Reuters reported that Olivier David Och, 31, and Daniela Widmer, 29 — Swiss tourists who were reportedly traveling by car through the restive area when abducted at gunpoint — showed up at a military checkpoint on a main road in northwest Pakistan on Thursday.

Pakistan army spokesman Major-General Athar Abbas told Reuters: “They escaped, this is what they have told us. They reported to our checkpost then. They are being questioned at the moment in Peshawar.”

Initial Pakistani media reports suggested that the couple had been freed by the Taliban.

Military officials said the two were found on a main road near a military checkpoint in North Waziristan, in the tribal region where they had been held captive.

The Taliban had released a video in October featuring the couple saying that their lives were at risk if the militant group’s demands were not met, the LA Times reported.

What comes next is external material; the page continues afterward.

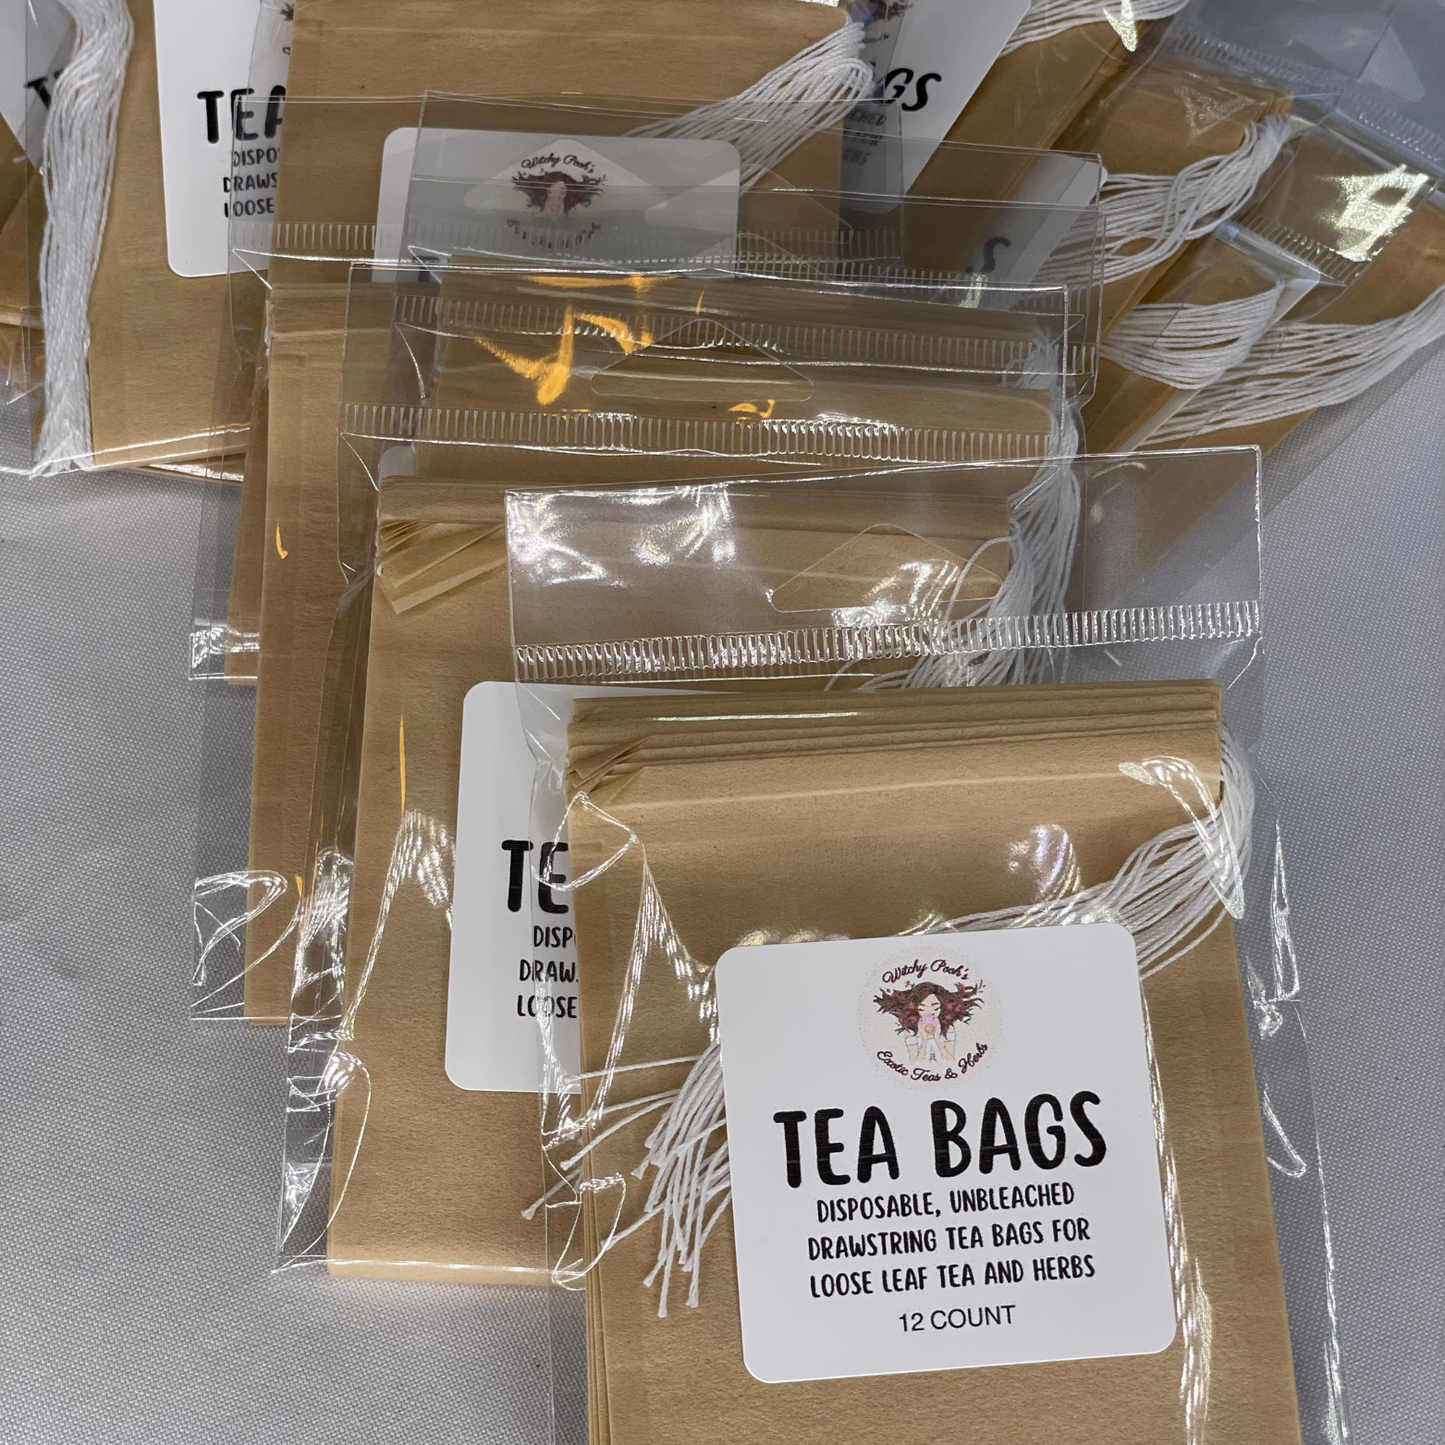 Tea Bags for Loose Leaf Tea, 12 pack, Filtered, Disposable, Drawstring

The demands included the release of Taliban members being held by Pakistani authorities, and the release from US custody of Aafia Siddiqui, a Pakistani woman sentenced by an American court to 86 years in prison for trying to kill Americans in Afghanistan.

A Pakistani security official told the LA Times that the couple was in good health.

The New York Times quoted Abbas, the army spokesman, as saying: “They are in the custody of the security agencies.”

According to another report, they had been sent to the city of Peshawar by helicopter.

According to Reuters, kidnapping for ransom is common in Pakistan, although foreigners are not often targets. 

The NY Times wrote that kidnapping had “become a major source of revenue and propaganda for the Pakistani Taliban and associated militant factions based in North and South Waziristan.”